Given information:

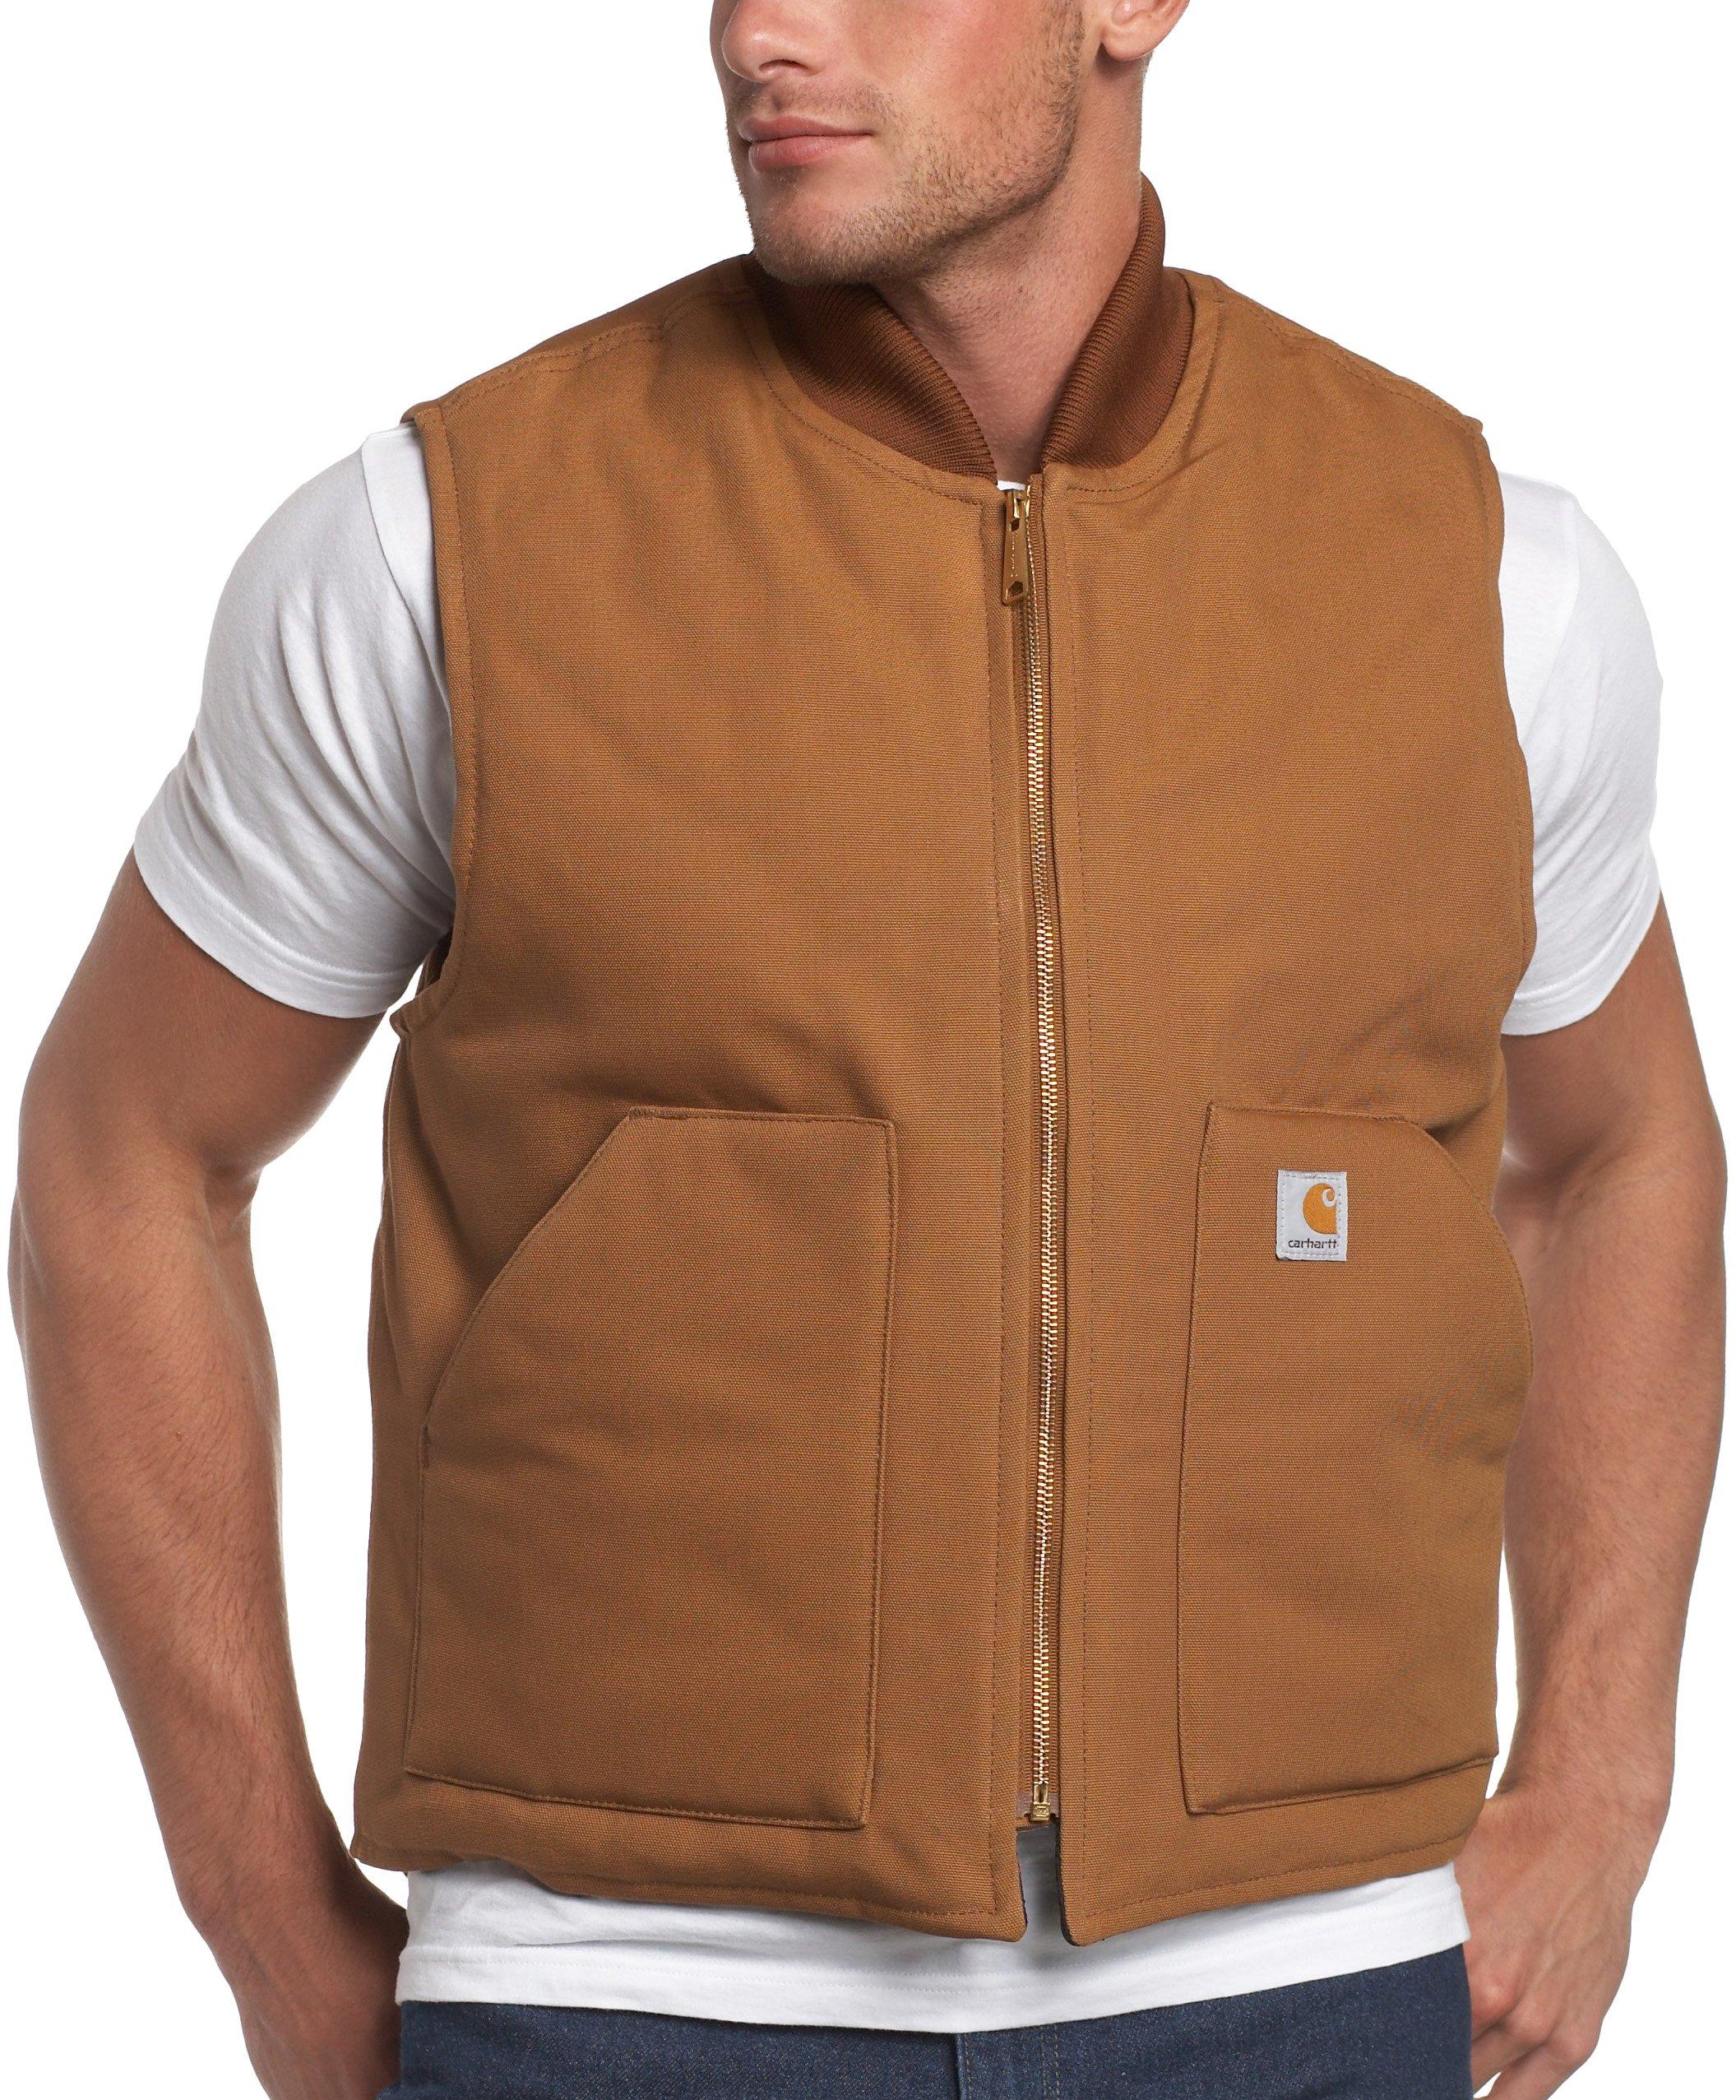 Carhartt Men's Duck Vest,Brown,XX-Large by Carhartt
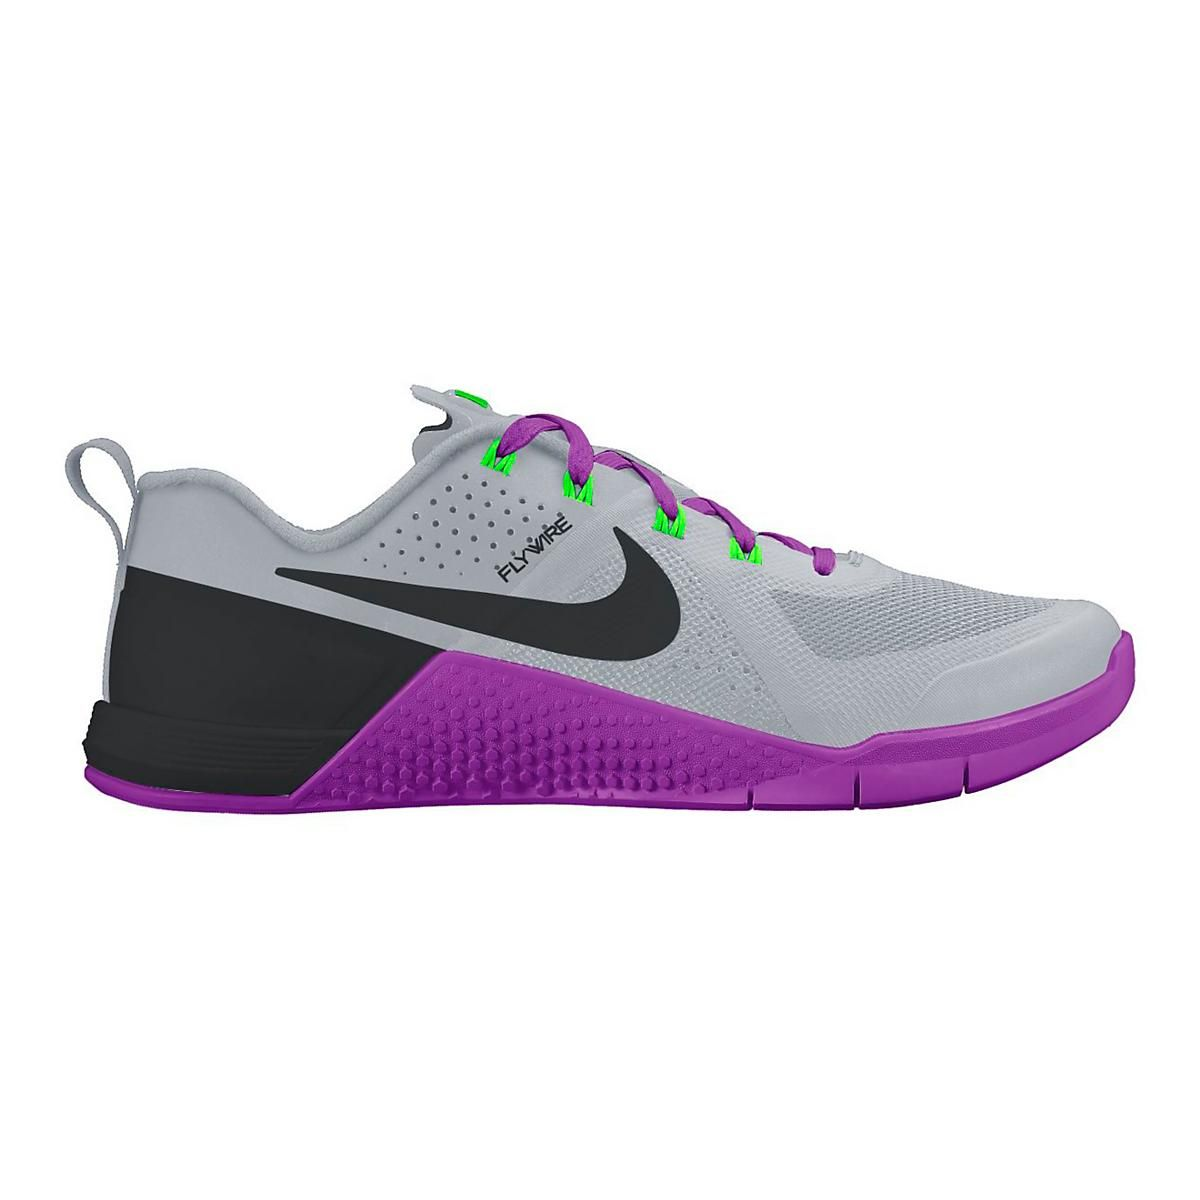 buy online e7157 8463d Nike Retcons BlackWhite - Size 9. From RoadRunner. Mis nuevos tenis para  entrenar 2016
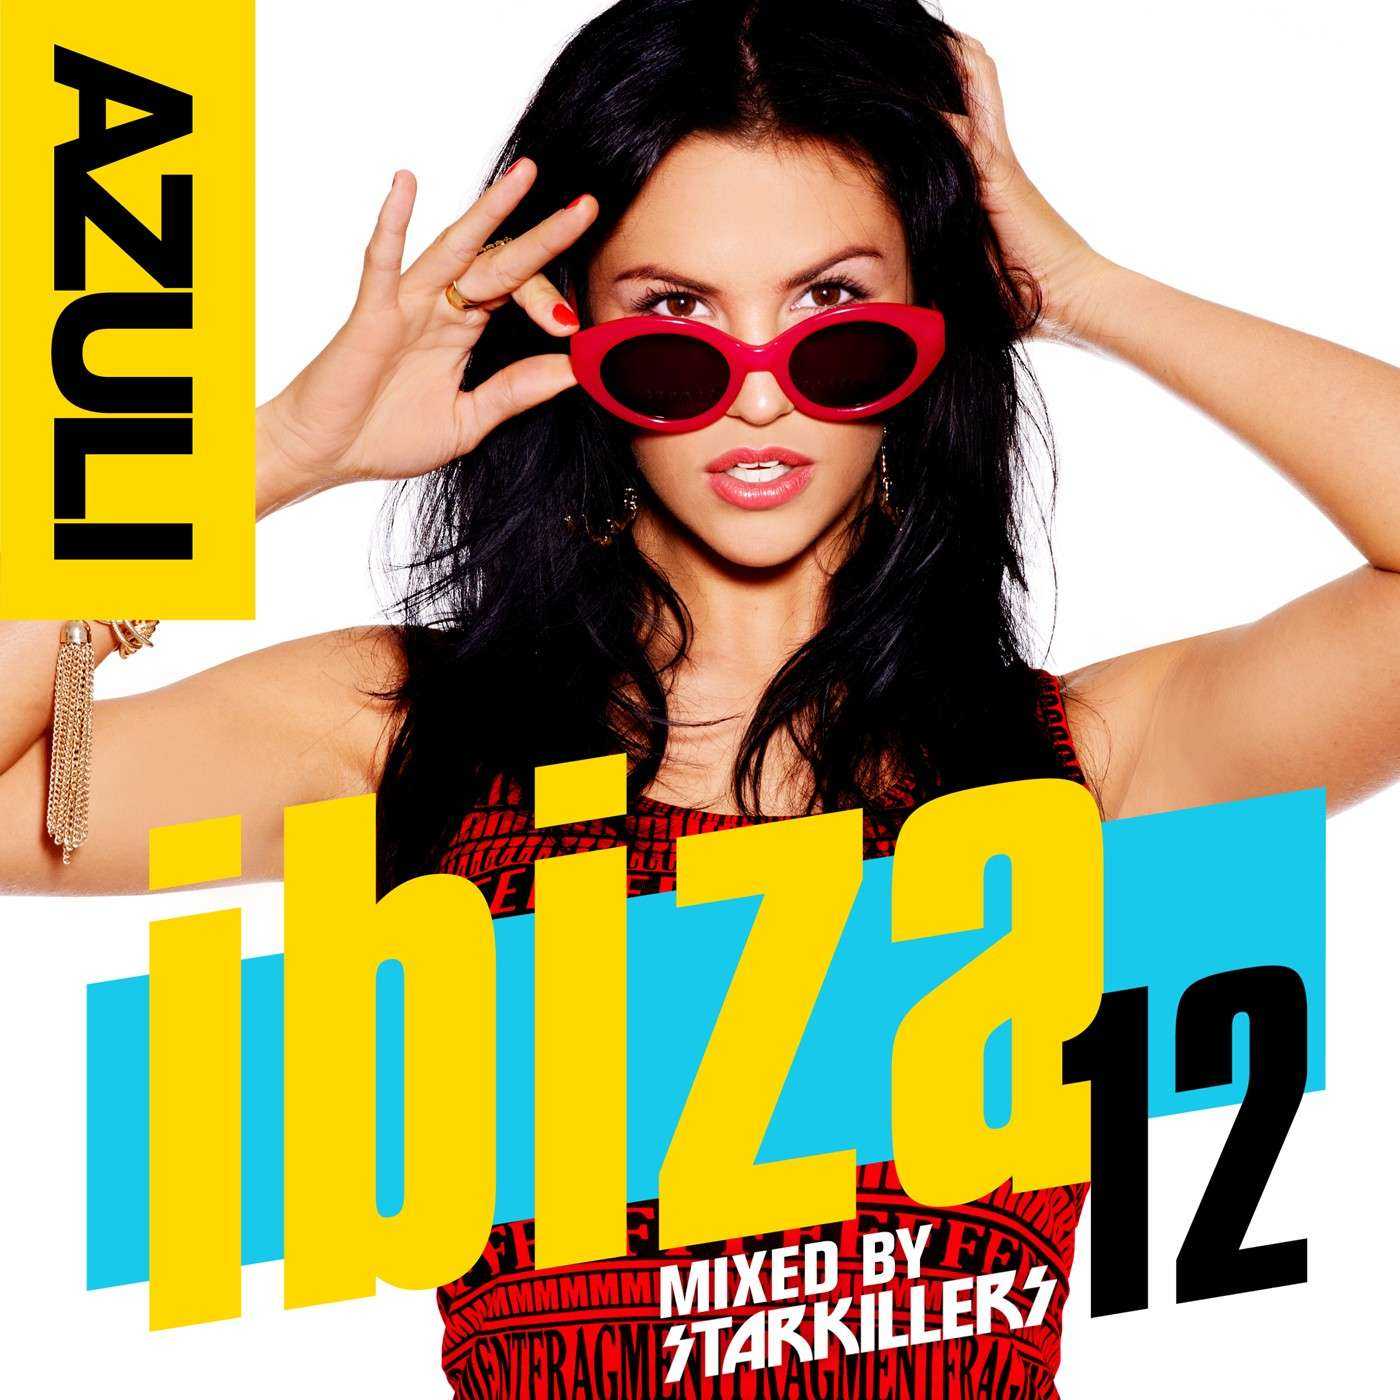 Azuli Ibiza '12 mixed by Starkillers (Album Sampler)

Task instructions: Print the full listing above exactly. Pictures stay out of the copy.

Solution:
 Carhartt Men's Duck Vest,Brown,XX-Large by Carhartt
 buy online e7157 8463d Nike Retcons BlackWhite - Size 9. From RoadRunner. Mis nuevos tenis para  entrenar 2016
 Azuli Ibiza '12 mixed by Starkillers (Album Sampler)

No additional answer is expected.